I have the following XML file (I am missing the root node but the editor is not allowing me--please assume there is a root node here):

<Indvls>
    <Indvl>
        <Info lastNm="HANSON" firstNm="LAURIE"/>
        <CrntEmps>
            <CrntEmp orgNm="ABC INCORPORATED" str1="FOURTY FOUR BRYANT PARK" city="NEW YORK" state="NY" cntry="UNITED STATES" postlCd="10036">
            <BrnchOfLocs>
                <BrnchOfLoc str1="833 NE 55TH ST" city="BELLEVUE" state="WA" cntry="UNITED STATES" postlCd="98004"/>
            </BrnchOfLocs>
            </CrntEmp>
        </CrntEmps>
    </Indvl>
    <Indvl>
        <Info lastNm="JACKSON" firstNm="SHERRY"/>
        <CrntEmps>
            <CrntEmp orgNm="XYZ INCORPORATED" str1="3411 GEORGE STREET" city="SAN FRANCISCO" state="CA" cntry="UNITED STATES" postlCd="94105">
            <BrnchOfLocs>
            </BrnchOfLocs>
            </CrntEmp>
        </CrntEmps>
    </Indvl>
</Indvls>

我想使用R提取表形式的以下列: (a)来自/Info节点的lastNm和firstNm-始终带有值; (b)来自/CrntEmps/CrntEmp节点的orgNm-始终带有值;和 (c)/CrntEmps/BrnchOfLocs/BrnchofLoc节点中的str1,城市,州-可能带有或不带有值(在我的示例中,第二个实体没有办公室位置地址).

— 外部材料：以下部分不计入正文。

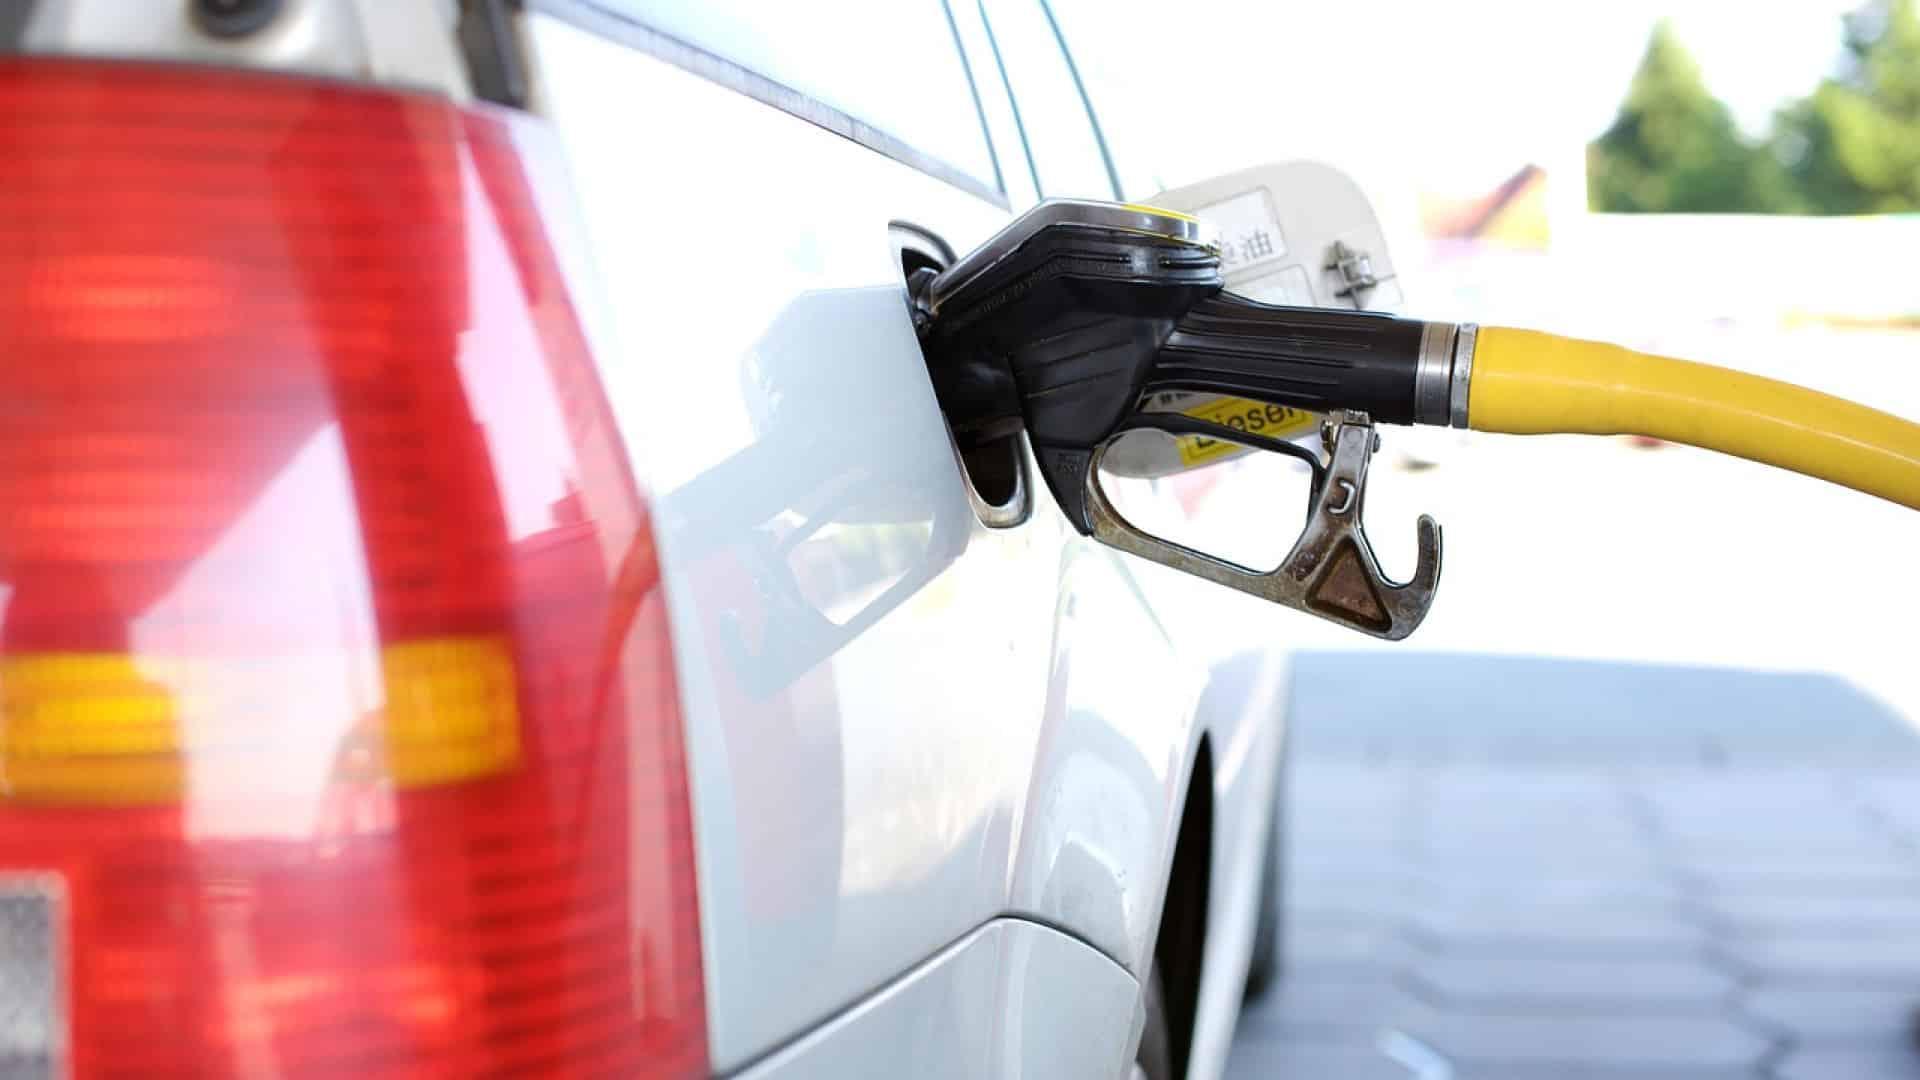 Qu'est-ce qui explique la hausse du prix du carburant en suisse ?

Using R, I want to extract the following columns in the form of a table: (a) lastNm and firstNm from /Info node--always present with values; (b) orgNm from /CrntEmps/CrntEmp node--always present with values; and (c) str1, city, state from /CrntEmps/BrnchOfLocs/BrnchofLoc node--may or may not come with values (in my example the second entity does NOT have an office location address).

我的挑战是许多节点将没有BrnchOfLoc节点.即使节点丢失,我也想创建一个条目(否则表不平衡,并且在数据框中创建它时出现错误).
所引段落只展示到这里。